Dr Martens stamps its green credentials with vegan boots range

The iconic boot brand, Dr Martens – once a favourite of punks and goths, and now popularised by celebrity fans including Pharrell Williams and Rita Ora – posted profits up 70% in the year to the end of March 2019.  Its owner, private equity firm Permira, is reportedly eyeing a possible sale or stock market flotation this week.

Dr Martens on the march

The boot brand attributed the jump in profits to a dedicated focus on its direct-to-consumer (D2C) strategy, with D2C sales up 42% year-on-year, accounting for 44% of sales – and uptake of its vegan range of boots.

Vegan boots bolster sales

Playing into the rising demand among consumers for more ethically and sustainably sourced goods, its vegan range, which replaces the leather upper with a synthetic polyurethane plastic, has increased by multiple hundreds of percent in the last few years and now represents 4% of Dr Martens’ total sales.

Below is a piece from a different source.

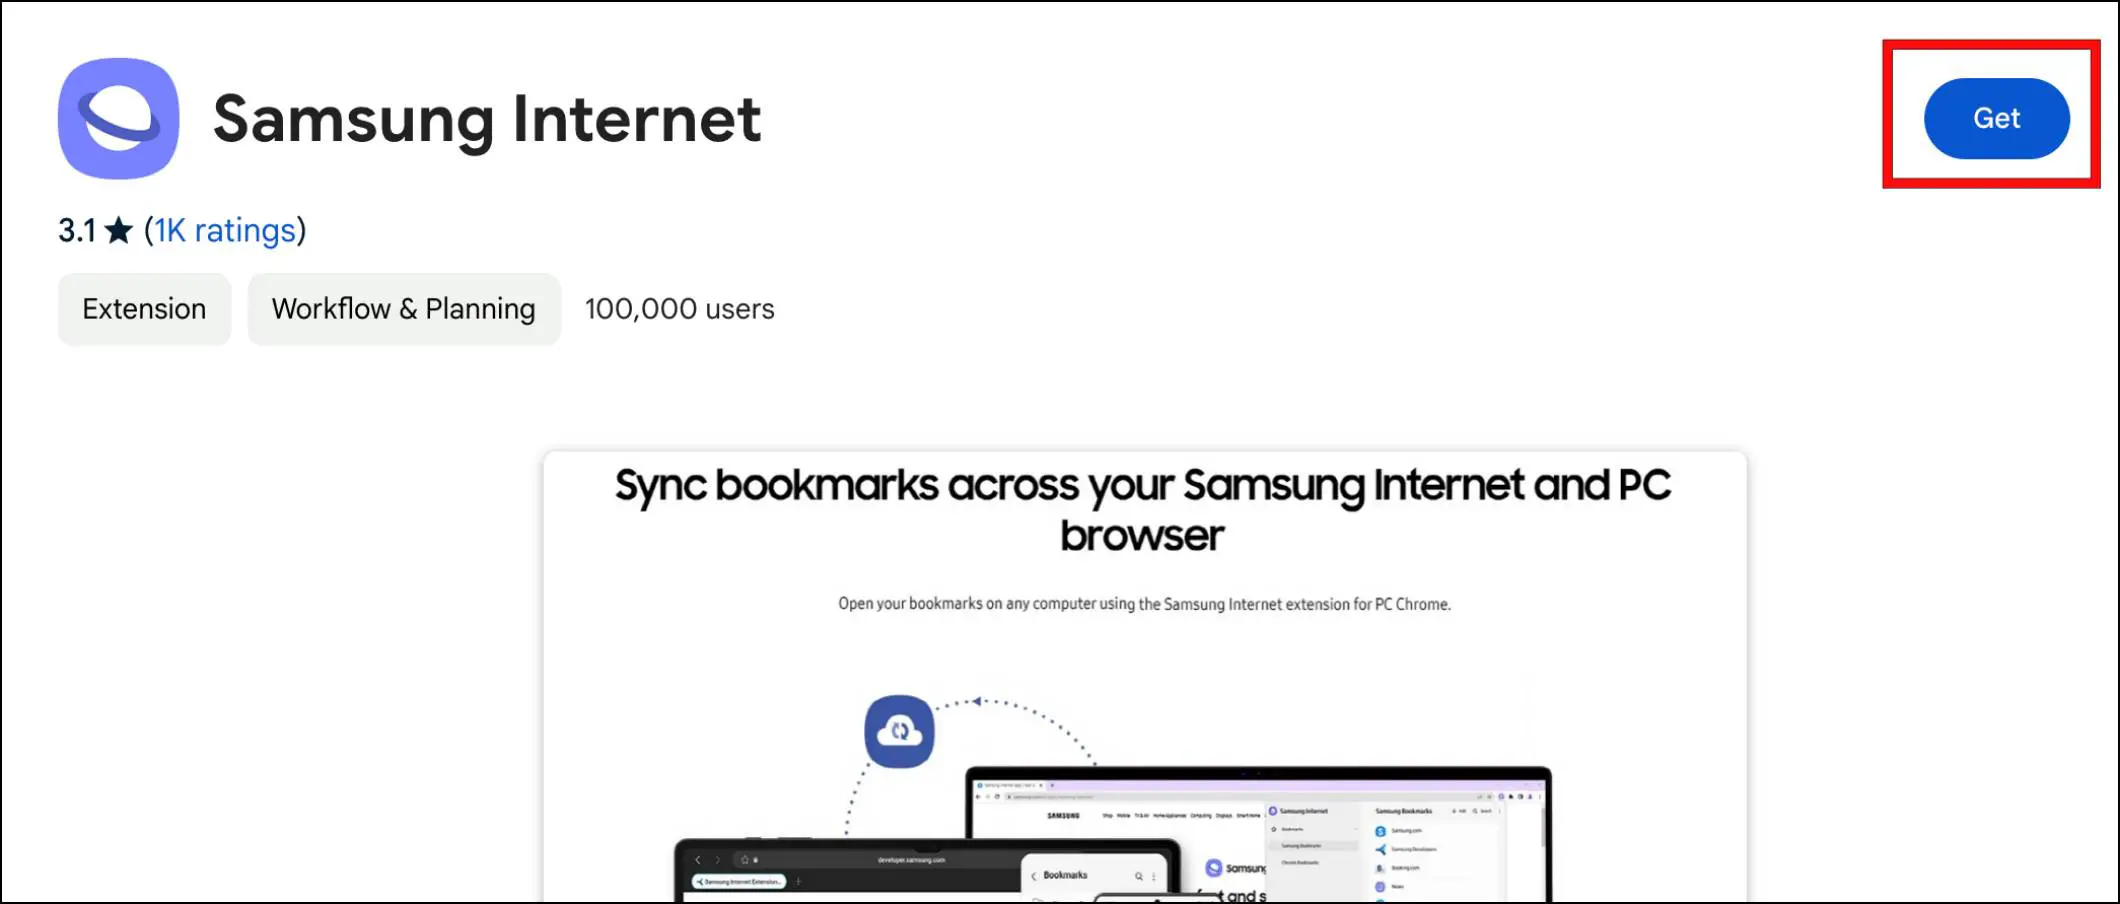 Download Samsung Internet Extension by Clicking on the Get Button

And Dr Martens isn’t the only brand whose vegan ranges has seen them going into the green – the launch of Greggs’ now infamous vegan ‘sausage’ roll back in January saw same-store sales rise 10.5%, helping the retailer carve out new customer segments and contributing to the bakery chain’s 15% sales jump to £546 million in the six months to June.

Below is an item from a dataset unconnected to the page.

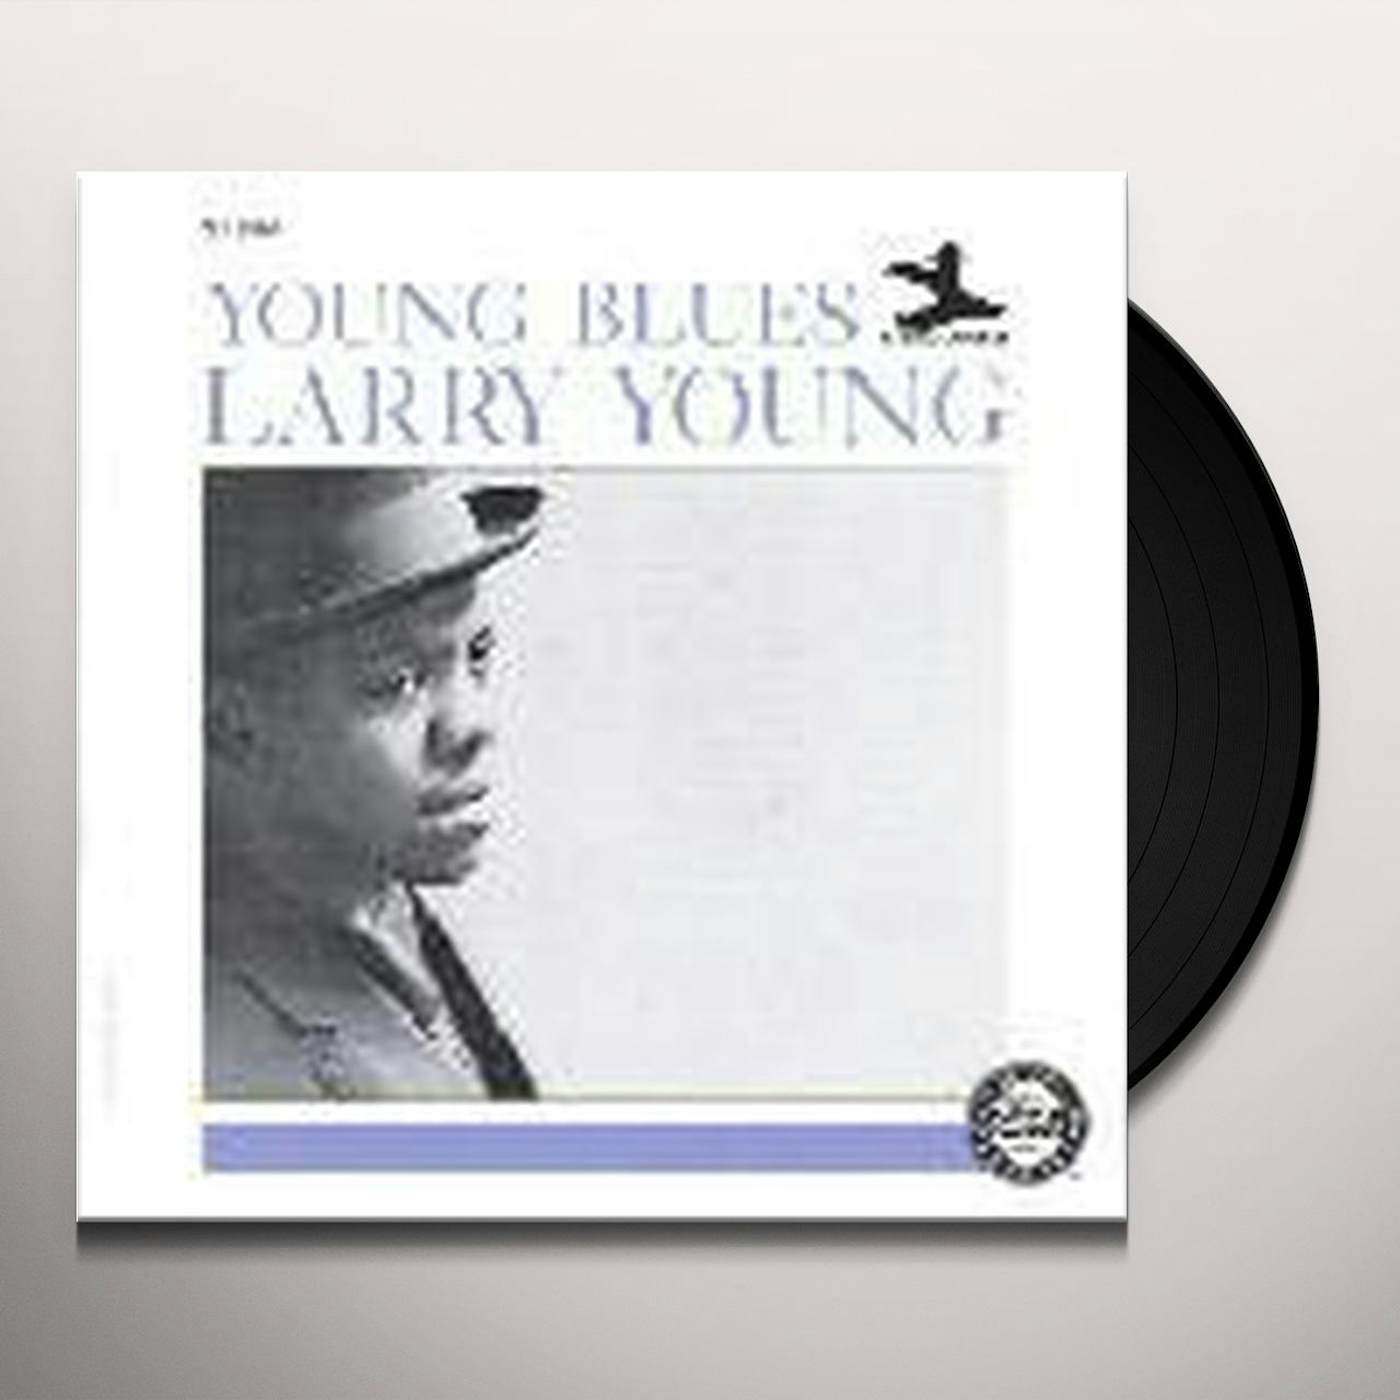 Larry Young Young Blues Vinyl Record

Growing appetite for vegan foods

It’s also a trend we’ve seen the grocers jumping on, with the launch of Morrisons’ V Tasty and Tesco’s Wicked Kitchen ranges – and, according to Marketing Week, last year the UK launched more vegan products than any other nation, making it the country’s fastest growing culinary trend of 2018 with a market worth of £310 million.

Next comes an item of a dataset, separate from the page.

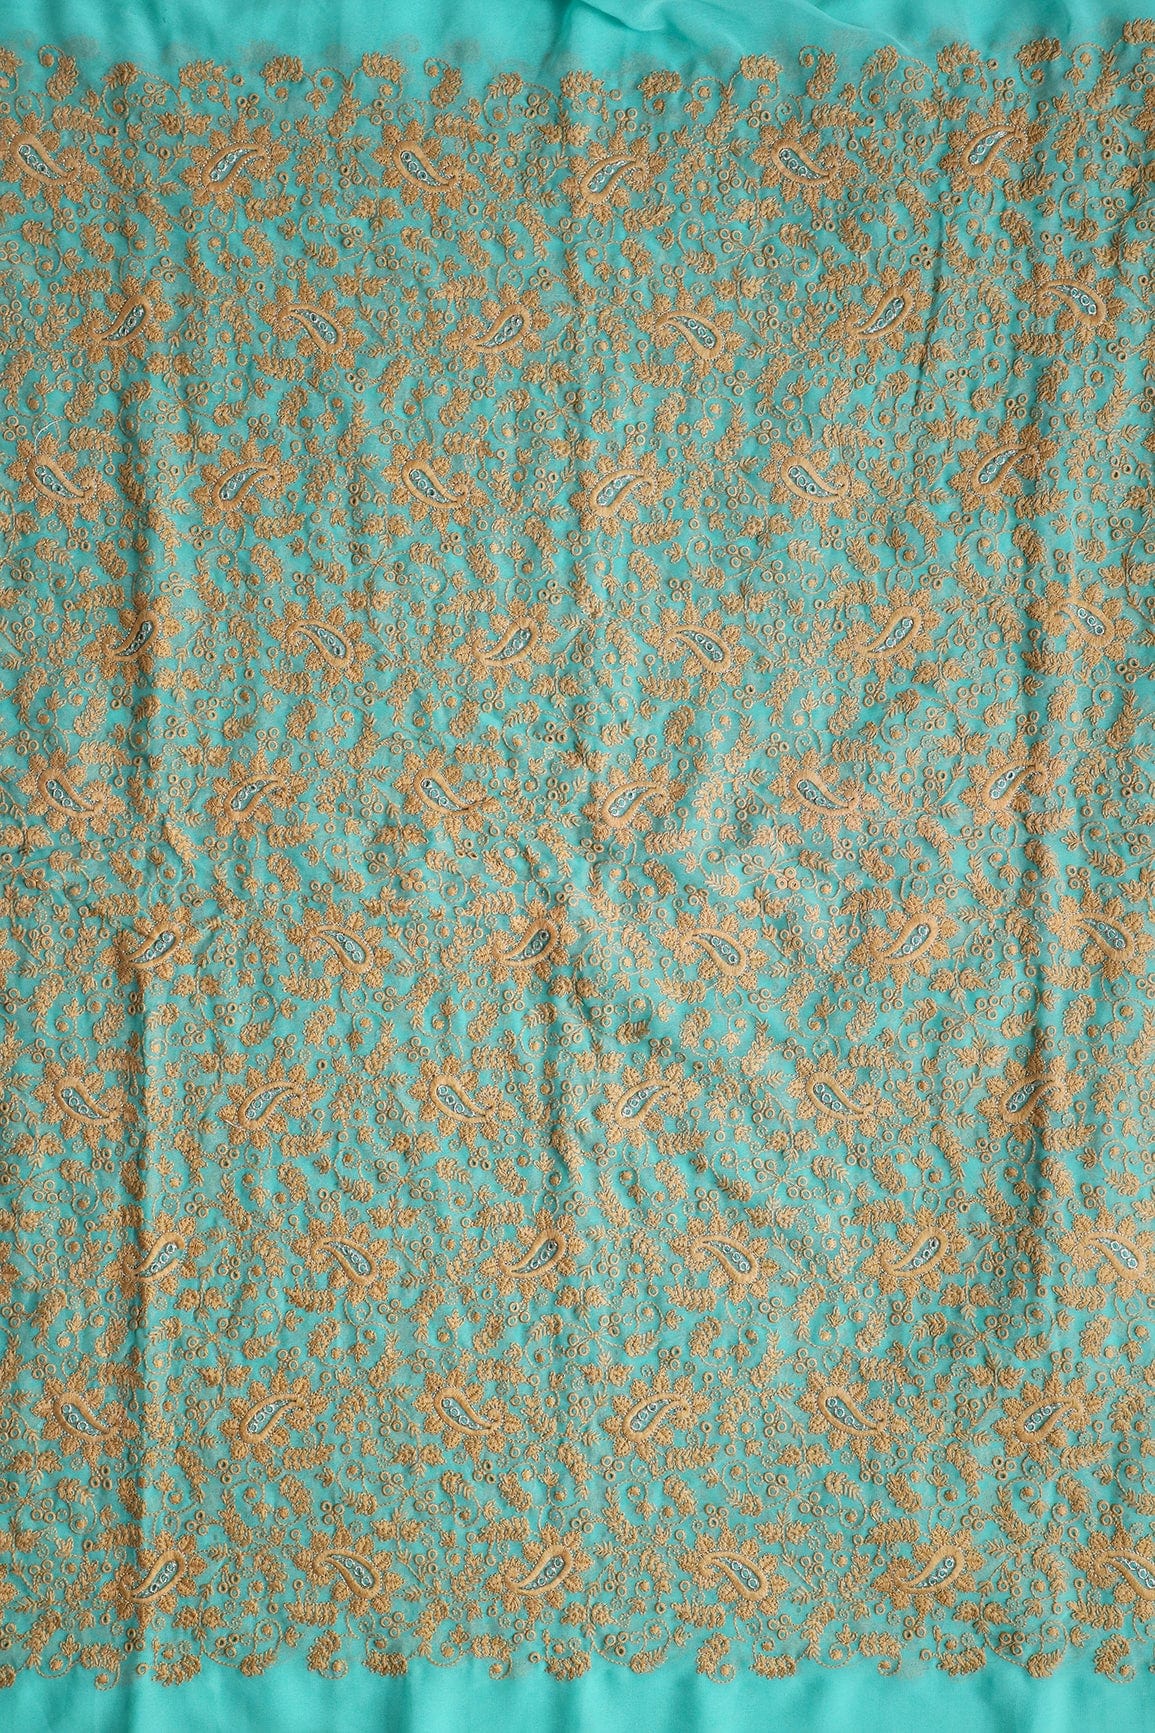 doeraa Embroidery Fabrics 3.25 Meter Cut Piece Of Beige Thread Paisley Embroidery On Sky Blue Viscose Georgette Fabric

Sustainability is increasingly in the consumer psyche – from Extinction Rebellion protests garnering headlines to changing consumer attitudes.  Recent research from Yotpo suggested 46% of fashion shoppers had bought clothing to support a mission, with charity being the cause that most resonated (56%), followed by sustainability (49%) and diversity (36%). It appears retailers and brands are fast recognising that products that promote the greater good can also be good for business.